■ **Task description**
The required output is the exact text of the lines from the line containing "Amazing landscape with" through the final line below, inclusive, without pictures.

■ **Supplied material**
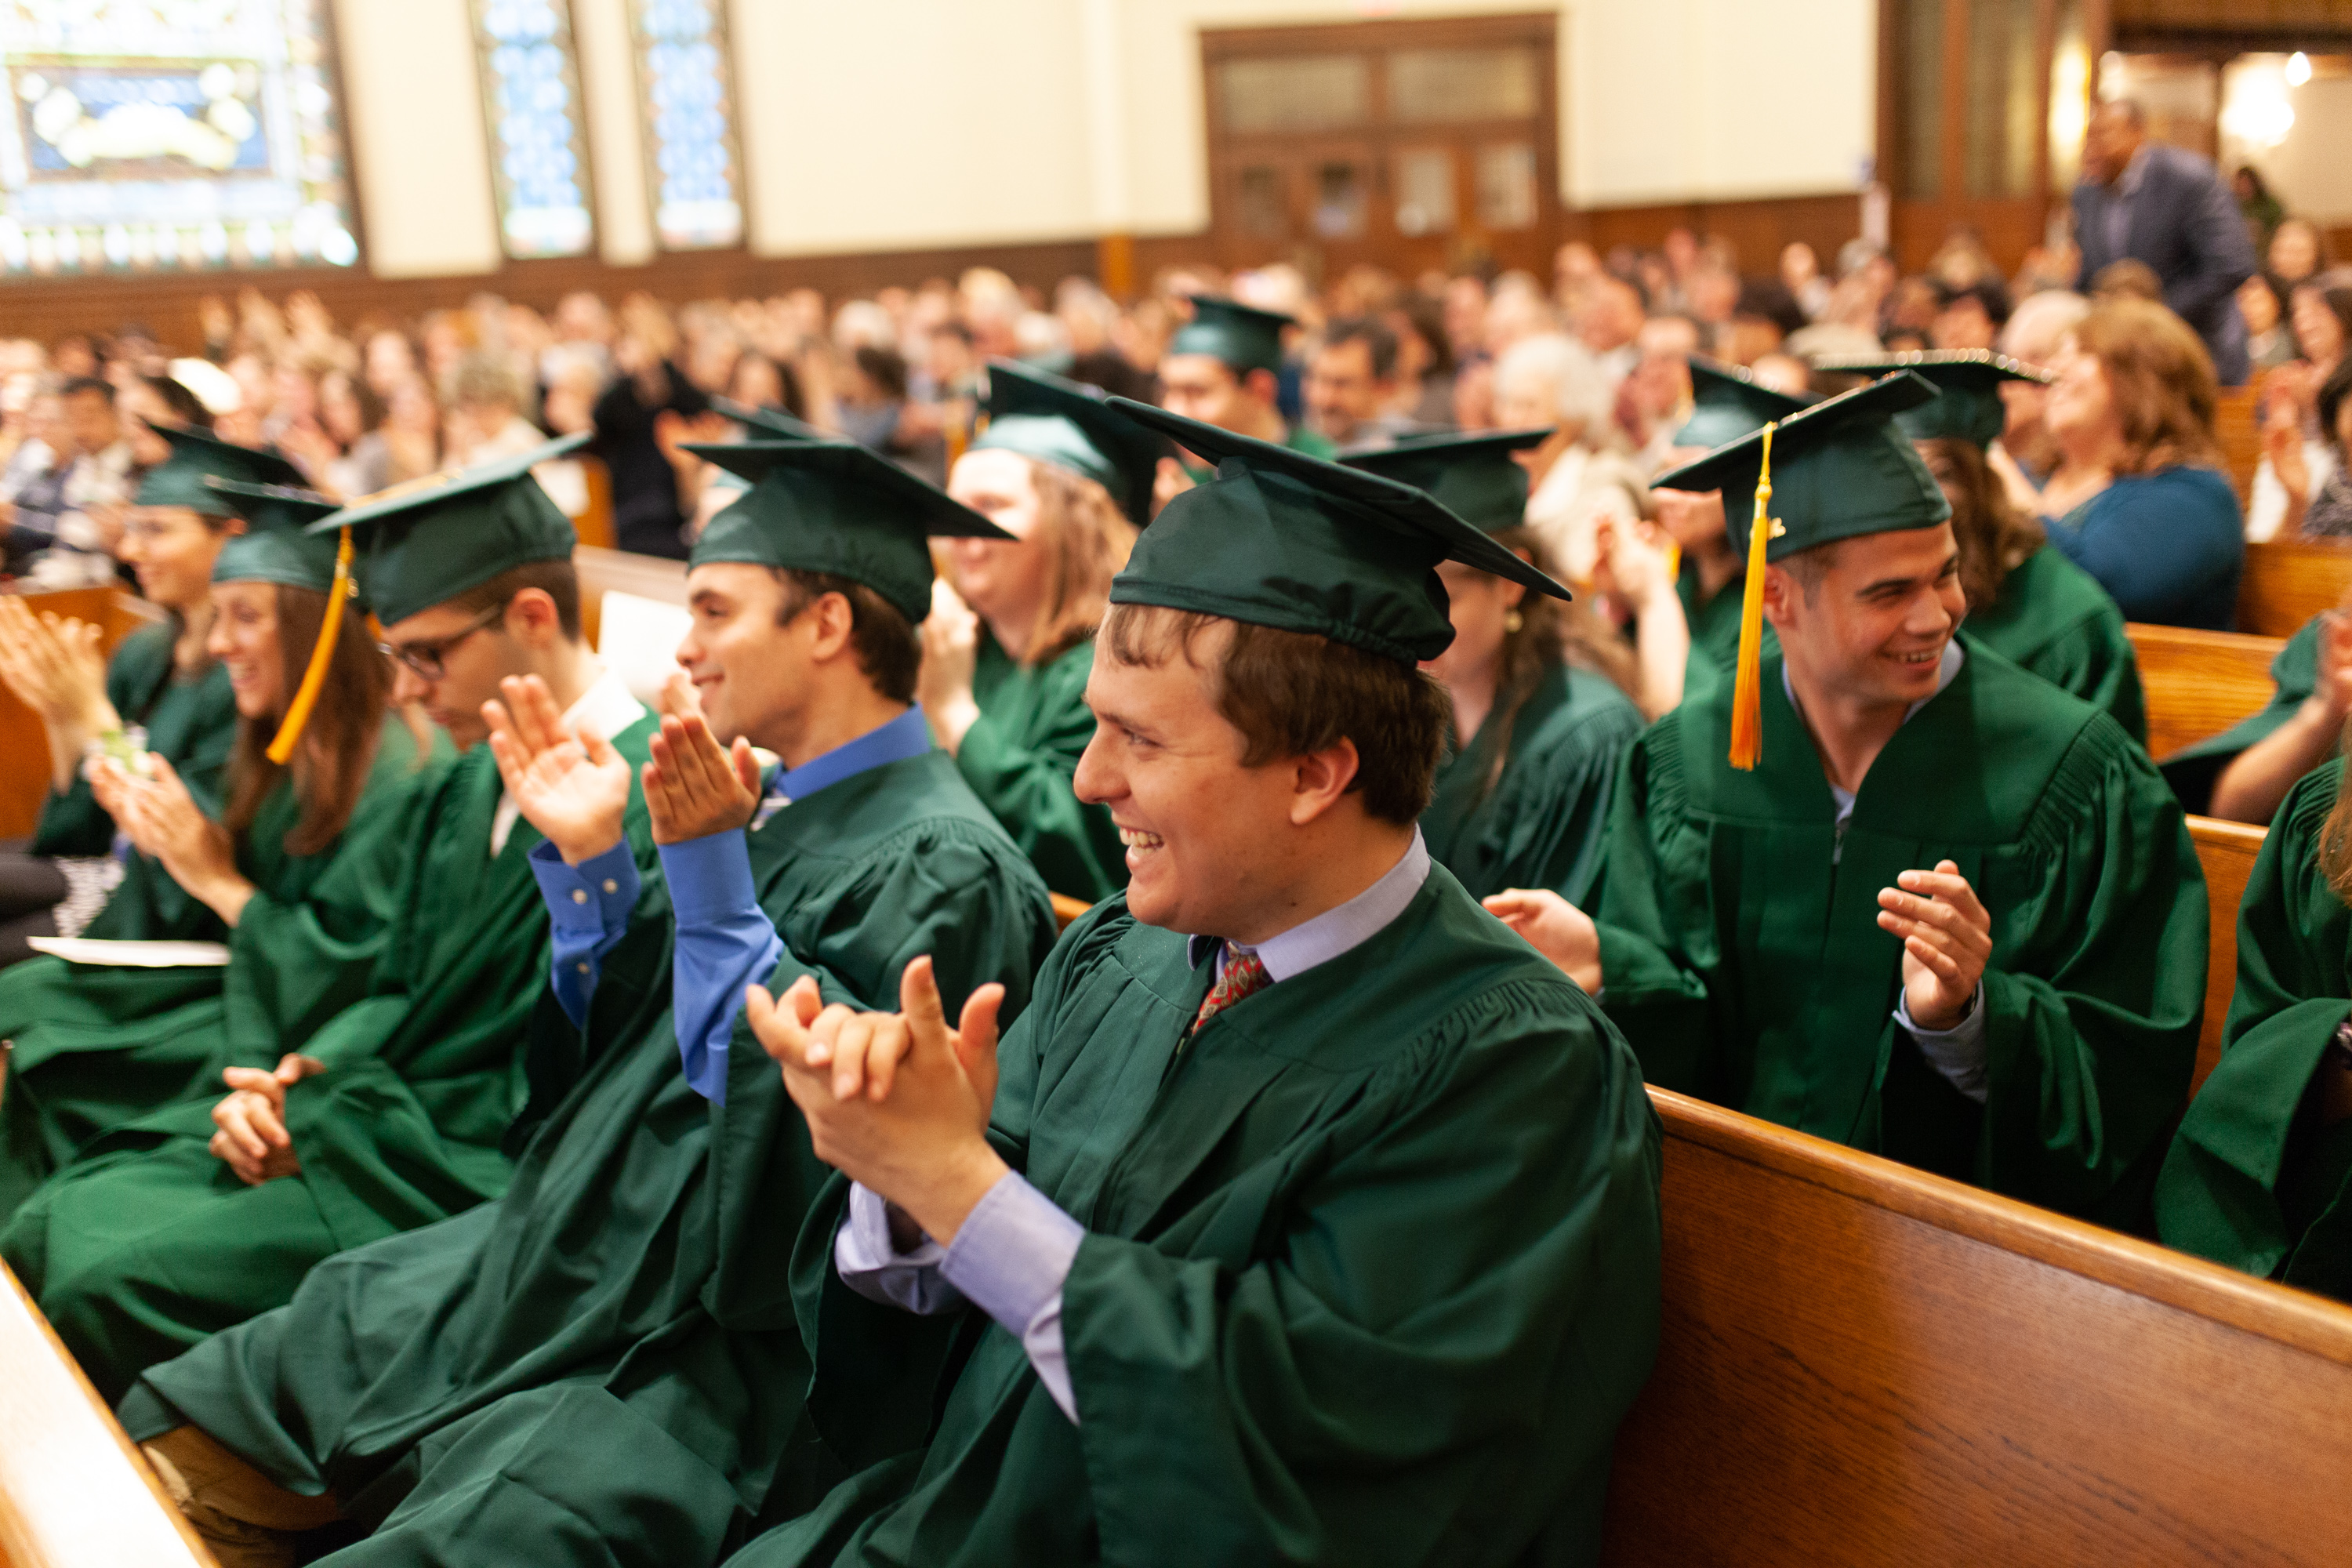 Graduates clap from the pews
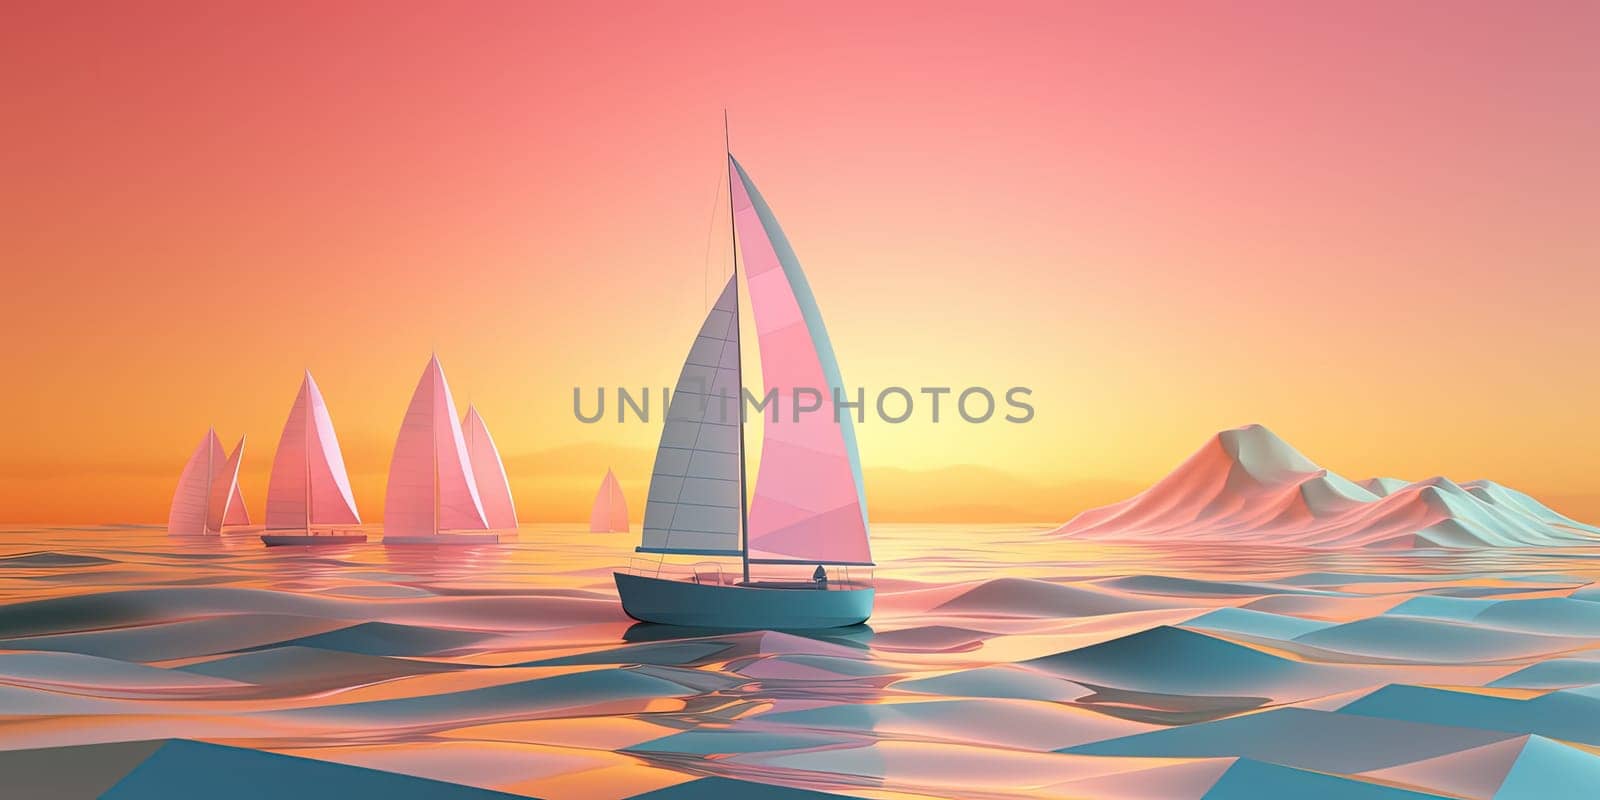 Amazing landscape with a solitary yacht at sea during a polygonal illustrated sunset
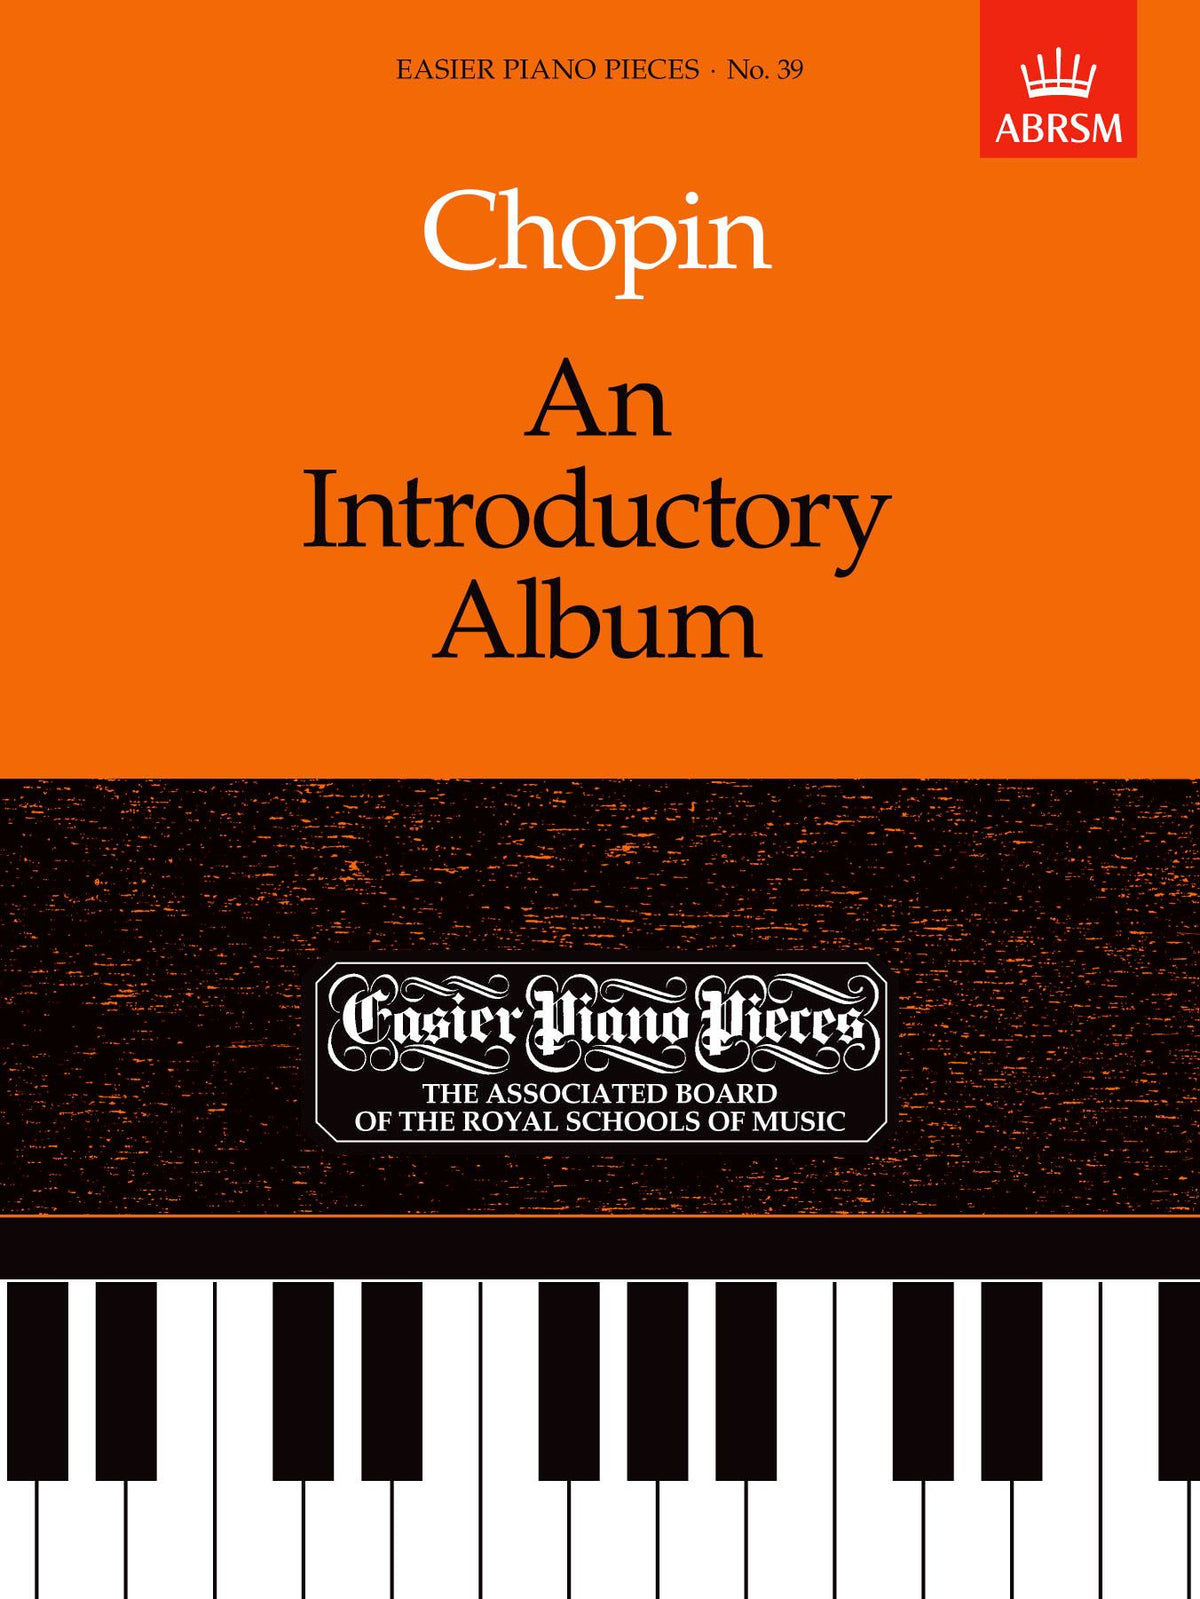 Chopin Introductory Album

■ **Answer to the exercise**
 Amazing landscape with a solitary yacht at sea during a polygonal illustrated sunset
 Chopin Introductory Album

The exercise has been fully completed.